Хиония. Дорогами земли русской
— Ну что ещё? — спросил он у кучера.
— Осмелюсь побеспокоить, барин! Просили разбудить.
Стеллер огляделся.
— Соликамск?
— Верно, барин, Соликамск.
— Прекрасно! Трогай! — Стеллер махнул рукой, и обоз двинулся мимо небольших деревянных домов.
Сани легко скользили по тонкому снегу, с треском продавливая хрупкую ледяную корку. Георг прищурился: сугробы, нагретые робкими лучами солнца, сильно просели и, покрывшись наледью, искрились на солнце.
«Неужели наконец дошли? Сколько вёрст позади, — подумал Стеллер, глядя по сторонам. — Небольшой городок, а сколько церквей!»
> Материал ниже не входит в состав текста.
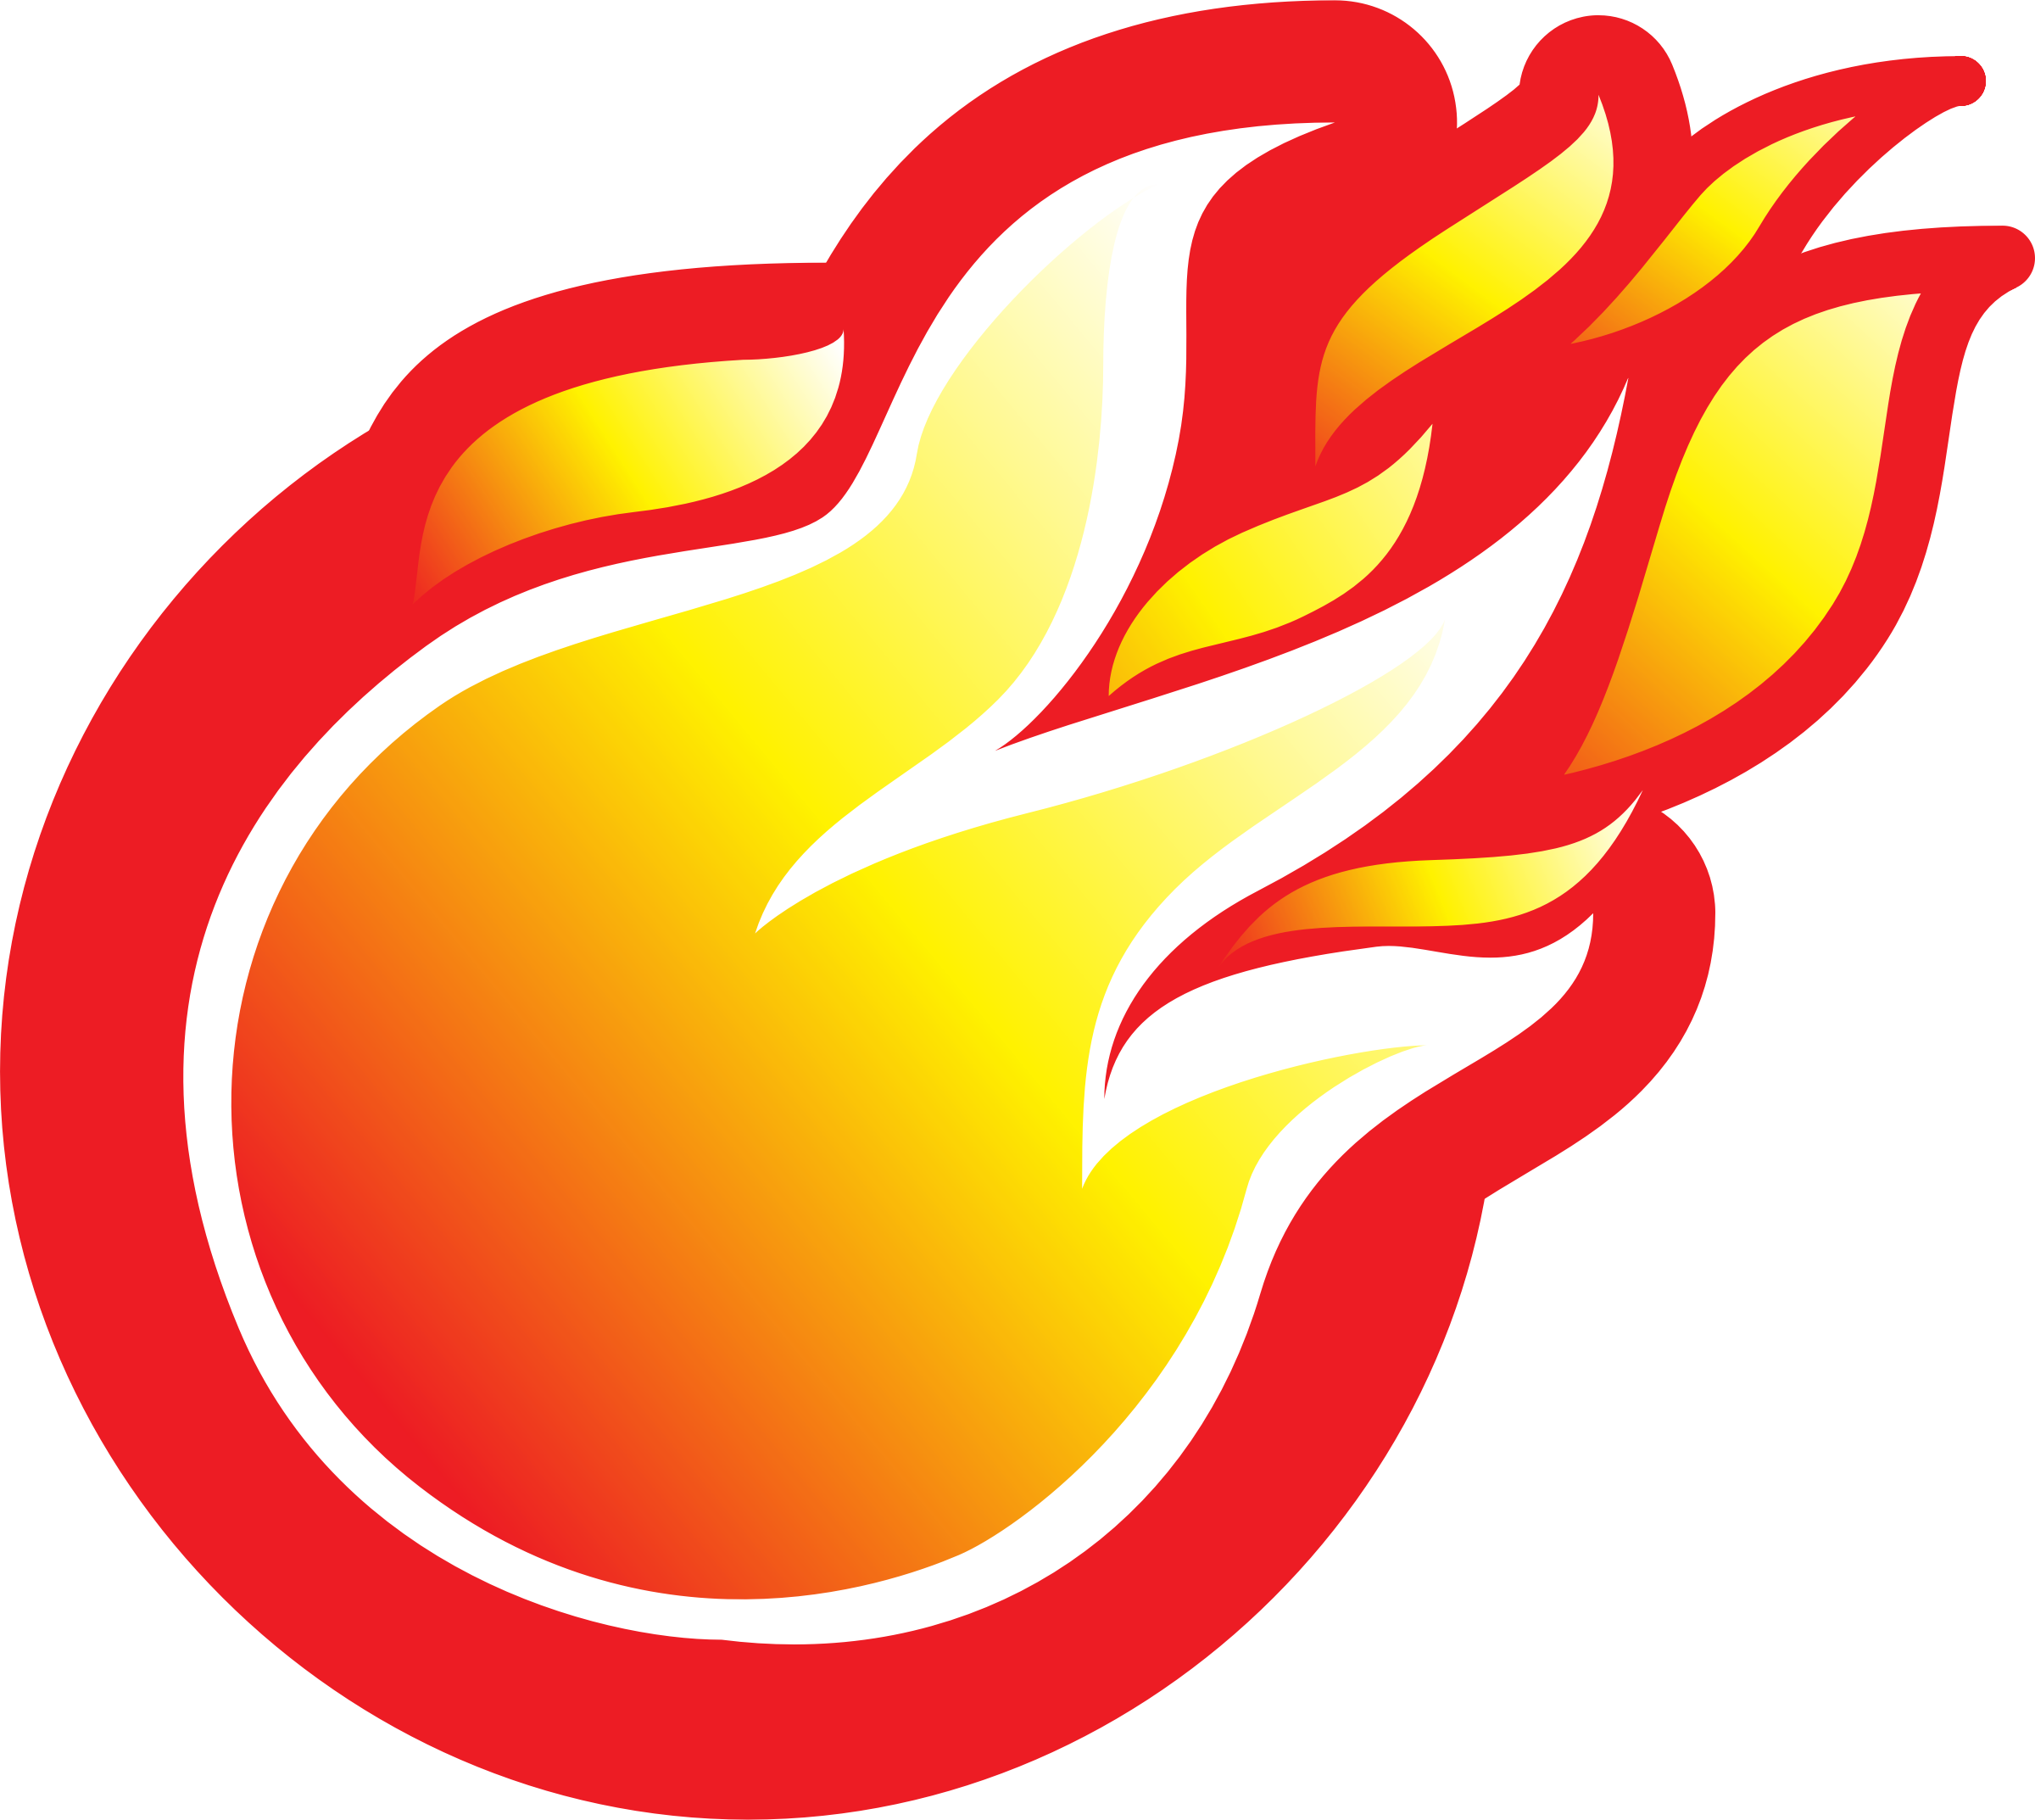 Flame fire icon clipart image #6995

Георг возвращался из Второй Камчатской экспедиции в Петербург. За годы, проведённые на Камчатке и Аляске, ему удалось собрать огромную коллекцию ранее невиданных в столице растений, для перевозки которых понадобилось шесть возов. Но ранняя весна изменила маршрут. Надёжно укутанные в дальнюю дорогу растения ожили, задышали и начали пробиваться ростками. Чтобы не потерять коллекцию, Стеллер решил, будучи в Соликамске, высадить растения в ботаническом саду Григория Акинфиевича Демидова. Демидов в письмах частенько обращался к Георгу за советом по устройству оранжереи и настойчиво приглашал его погостить.
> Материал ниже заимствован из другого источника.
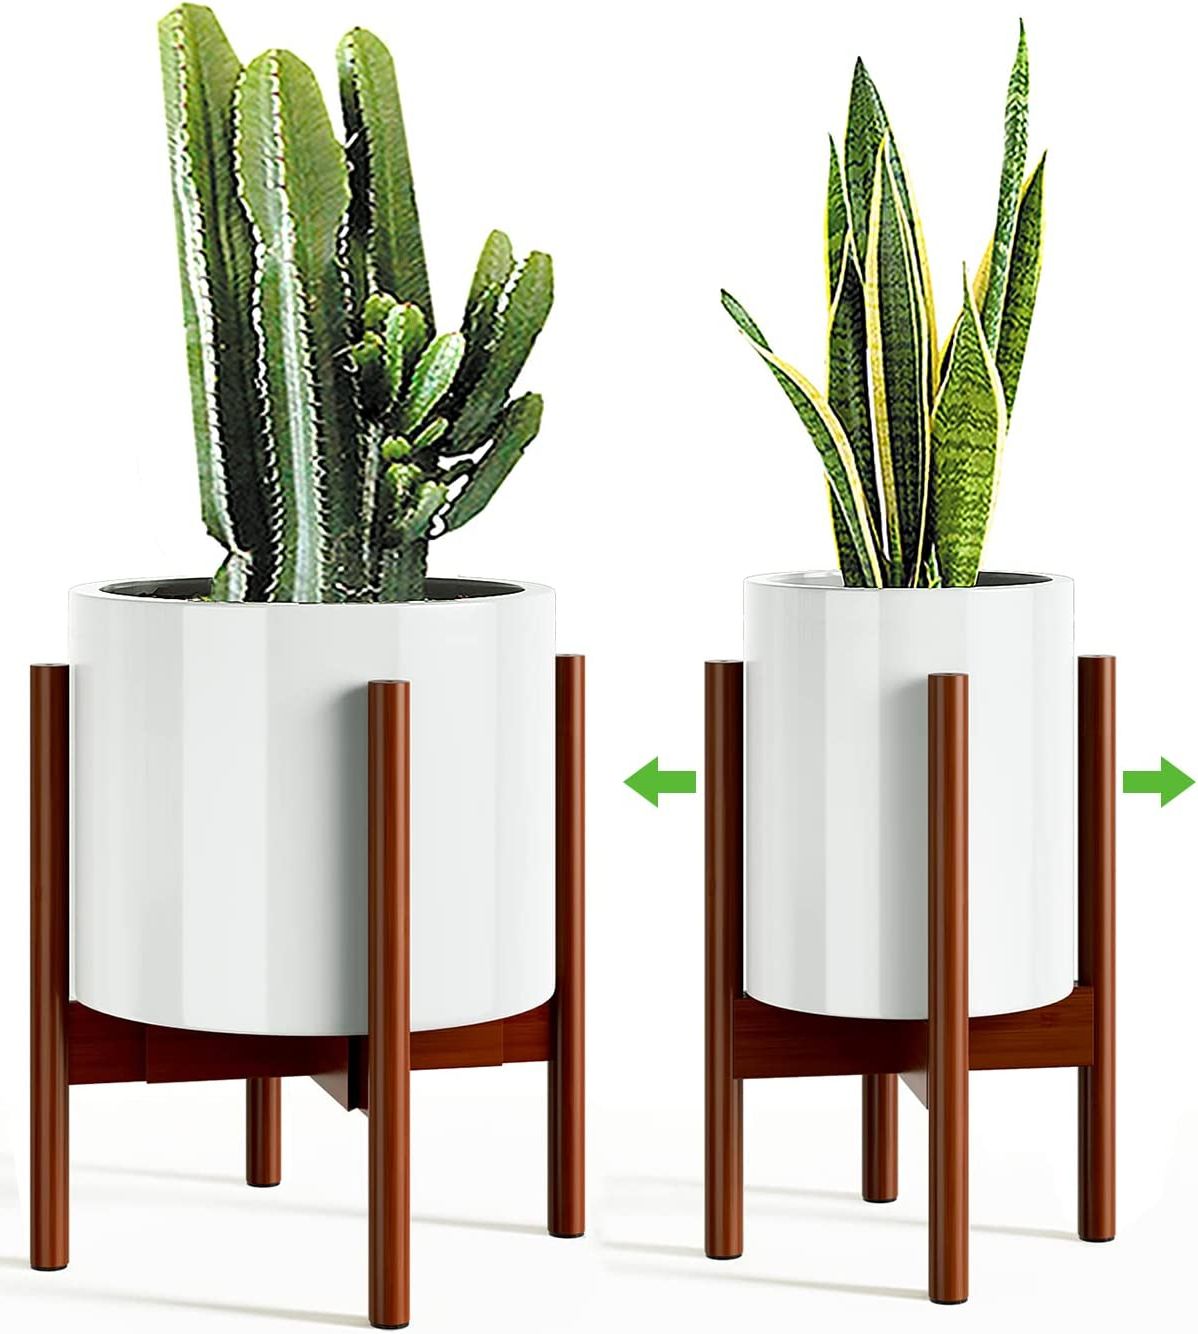 Most Recent Buy Mudeela Adjustable Plant Stand 8 To 12 Inches, Bamboo Mid Century  Modern Plant Stand 15 Inches In Height, Indoor Plant Stand, Fit 8 9 10 11  12 Inch Pots Pot & With 15 Inch Plant Stands (View 2 of 15)

После недолгих поисков села Красного обоз остановился у дома промышленника.
Григорий Демидов встретил учёного с нескрываемой радостью.
— Мон шер, — улыбнулся он. — Встреча с вами приятна для меня во всех отношениях, и тем для разговоров у нас найдётся несчётно. Поэтому вы можете полностью располагать моим гостеприимством и проживать в доме моём сколько душе угодно.
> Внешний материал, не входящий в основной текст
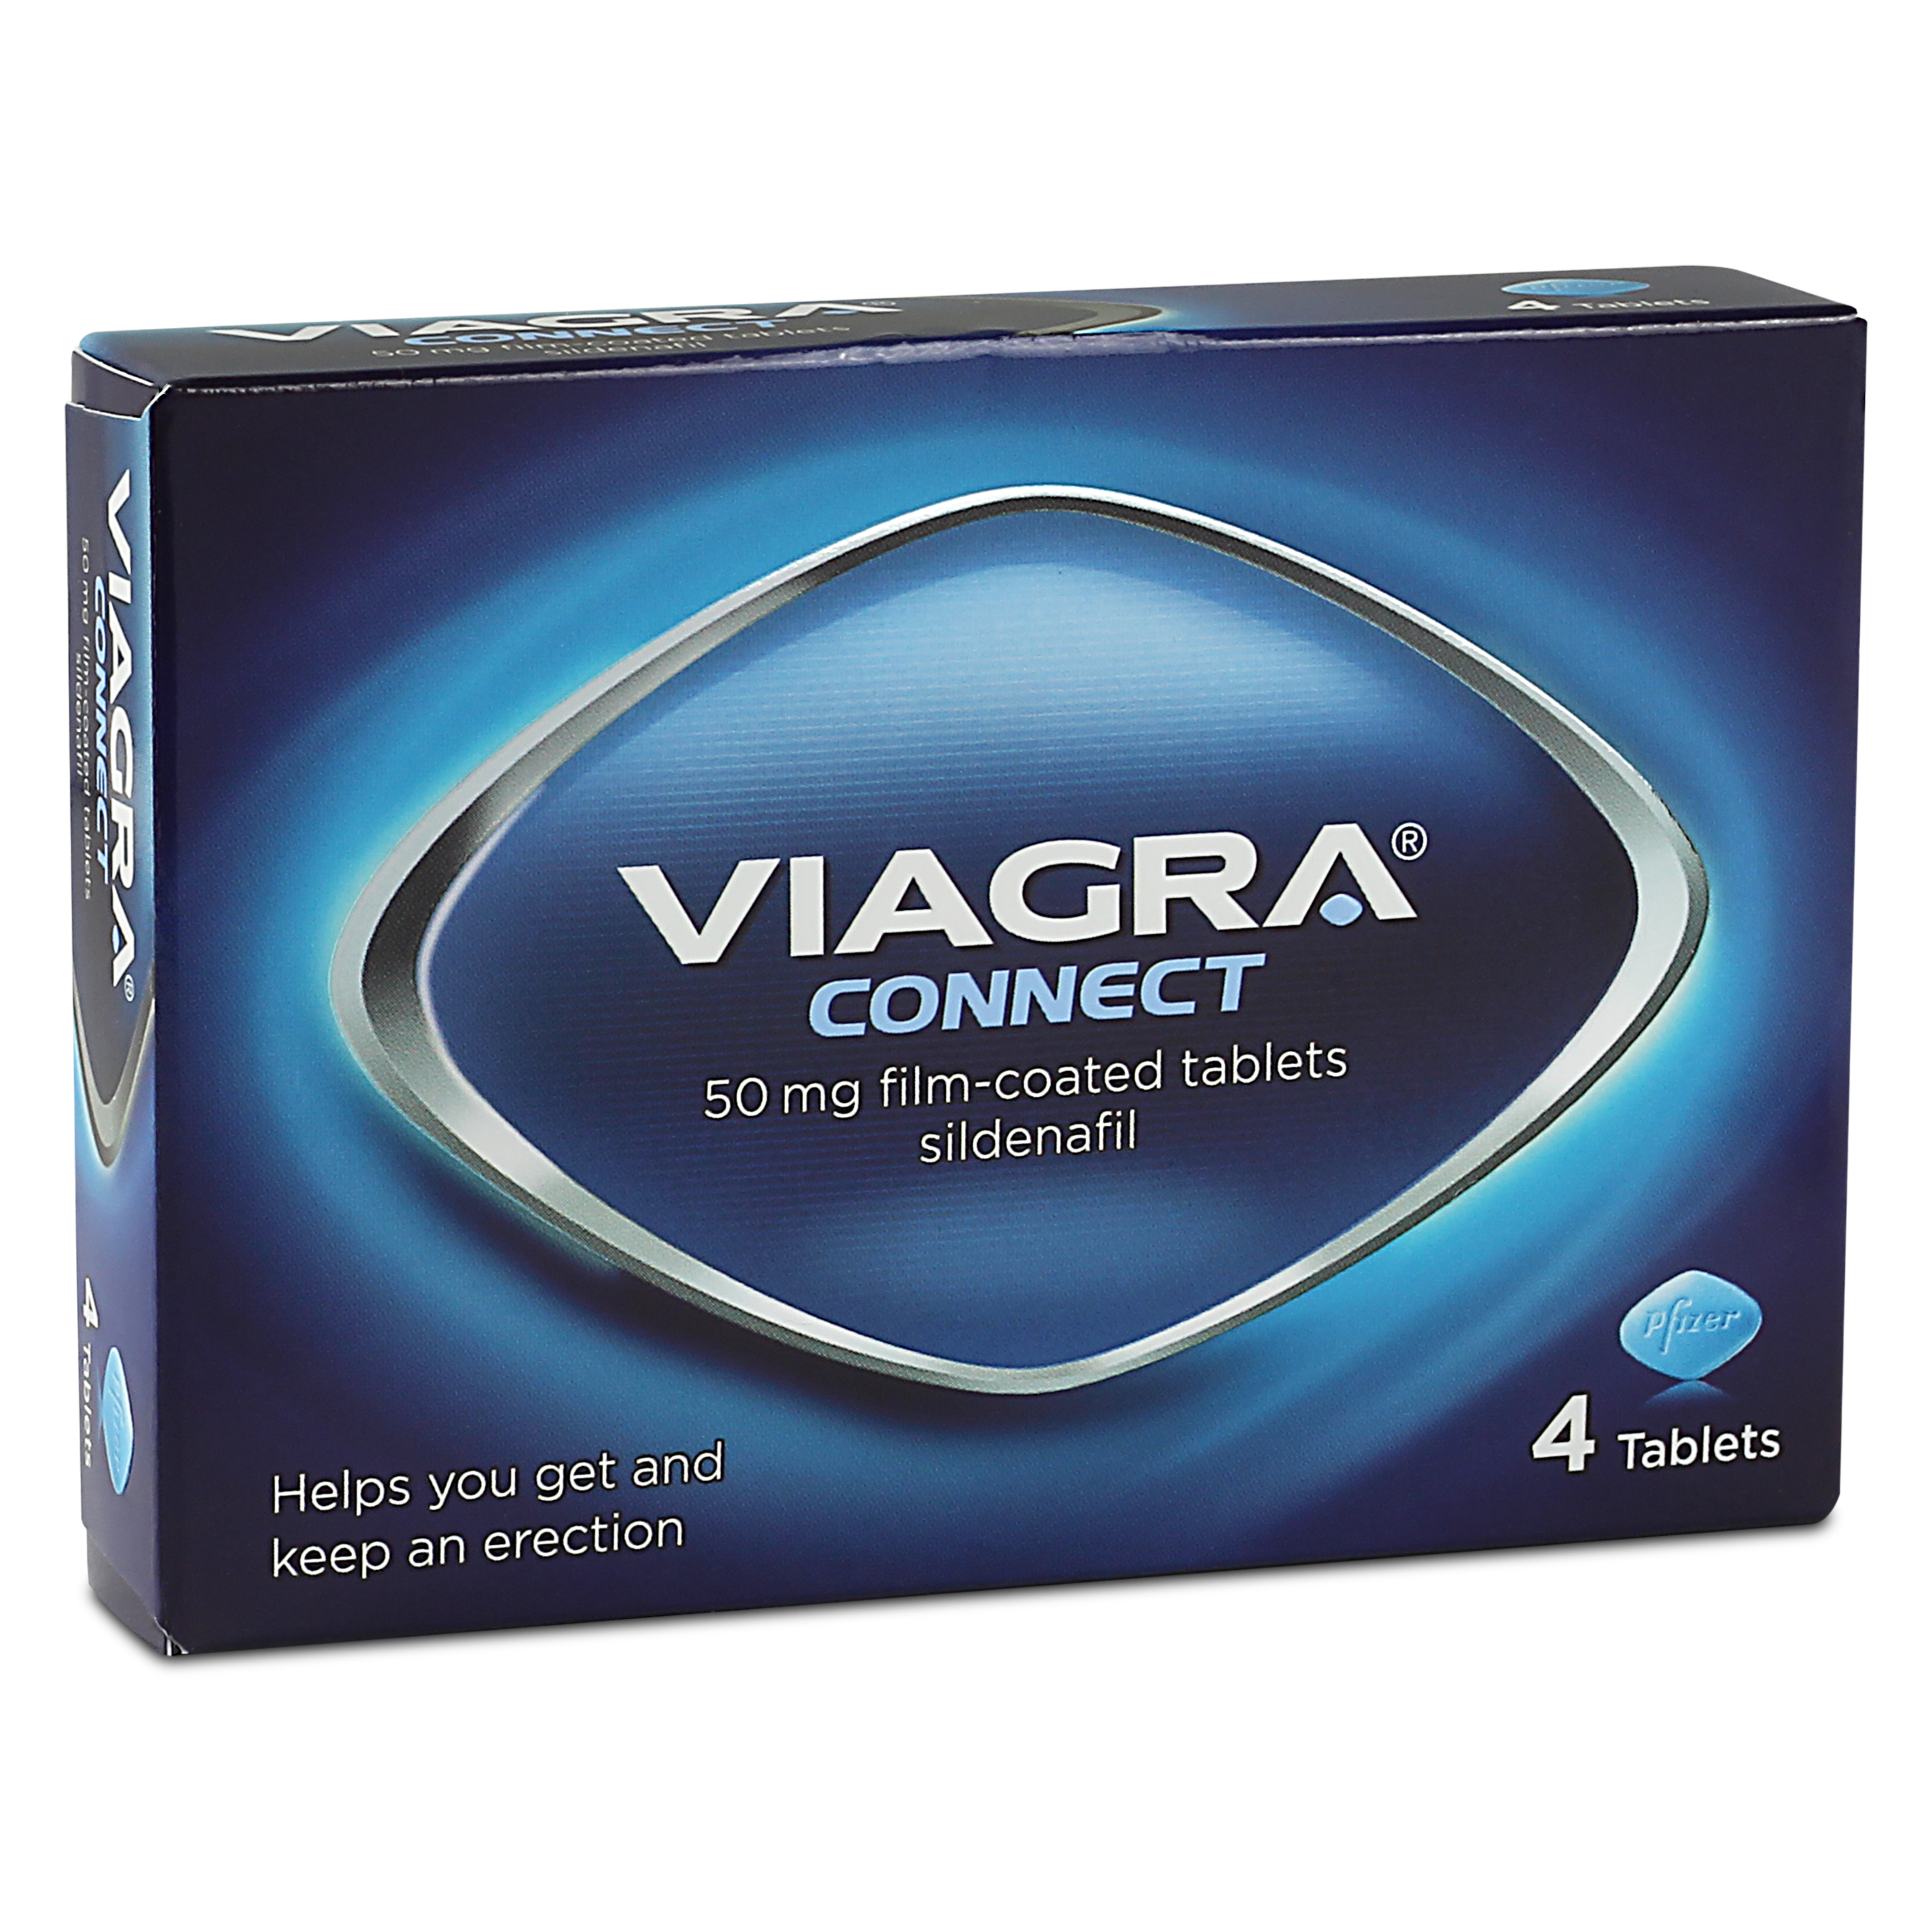 Viagra Connect 50MG Tablets for Sale UK

— Благодарю, мон ами, — Стеллер поклонился. — Я тоже рад нашему личному знакомству, а учитывая важность нашего дела — я рад вдвойне!
За обедом Стеллер поднял тревожащую его тему.
— Нам необходимо срочно высадить ростки в грунт, — подытожил Георг. — И затем перевезти в Академию наук, а некоторые образцы отправить в Упсалу, что к северу от Стокгольма, моему другу — доктору медицины и известному ботанику Карлу Линнею, к которому отношусь с глубоким уважением.
— Карл Линней? — переспросил Демидов, и вытер губы салфеткой. — Лично не знаком, но с удовольствием бы принял его у себя. А сколько растений надобно высадить?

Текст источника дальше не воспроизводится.